Andy’s approach to food? “Just try everything.” No matter how foreign or novel, Andy’s willingness to embrace new things makes him one of our favorite people to travel with.
He loves to experiment.
Andy’s always eager to bring something new to Thai food stateside. He honors native Thai dishes by preserving their powerful spices rather than taming them for Western palates, an approach best exemplified in Pok Pok’s famously addictive fish sauce glazed chicken wings.
Exotic Eats Ahead
There’s a whole world of brand new flavors, textures, sights and sounds just waiting to be discovered. We’ll begin in the Phang-gna province and work our way south, eating and drinking merrily as we go.
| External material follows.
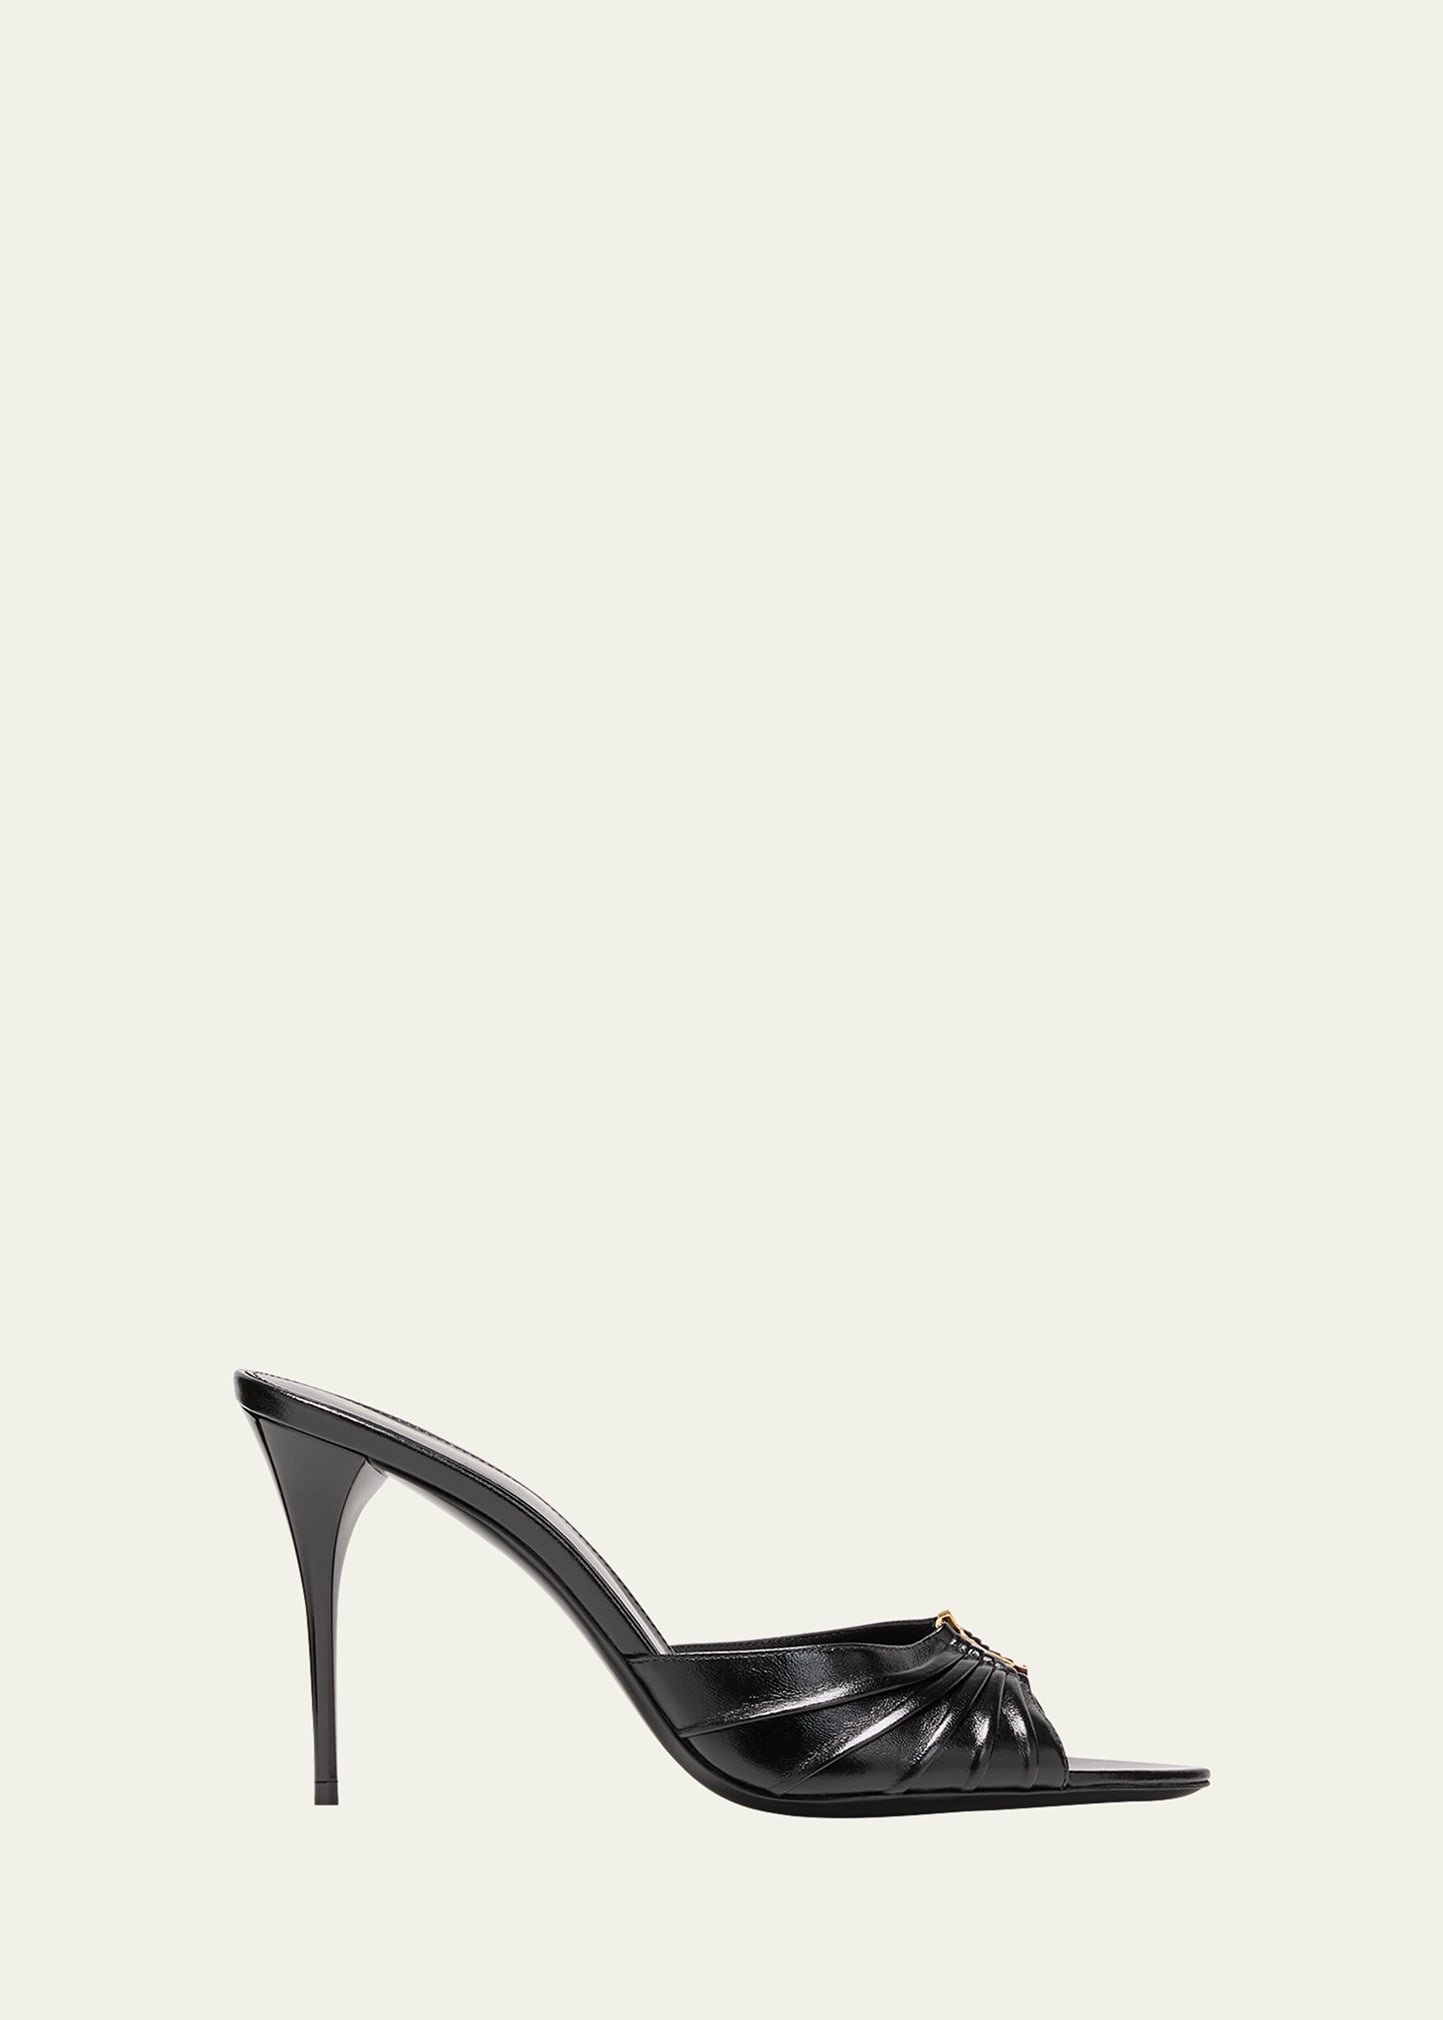 Babylone YSL Ruched Leather Mule Sandals

Expect to try new ingredients like fragrant Kaffir lime, galangal and lemongrass, freshly cooked snacks from street vendors and plenty of colorful, spicy regional curries.
Travel With Heart
We believe giving back enriches our travel experience. That’s why we do our best to work with businesses that share our commitment to using travel to better the communities we visit, honoring sustainable practices and local initiatives whenever we go.
Revel In Thailand’s Natural Beauty
Welcome to a country that’s as diverse as it is beautiful. From misty jungles to cool azure beaches, expansive natural parks that stretch across five islands and beyond, you’ll find just about every type of terrain to explore here.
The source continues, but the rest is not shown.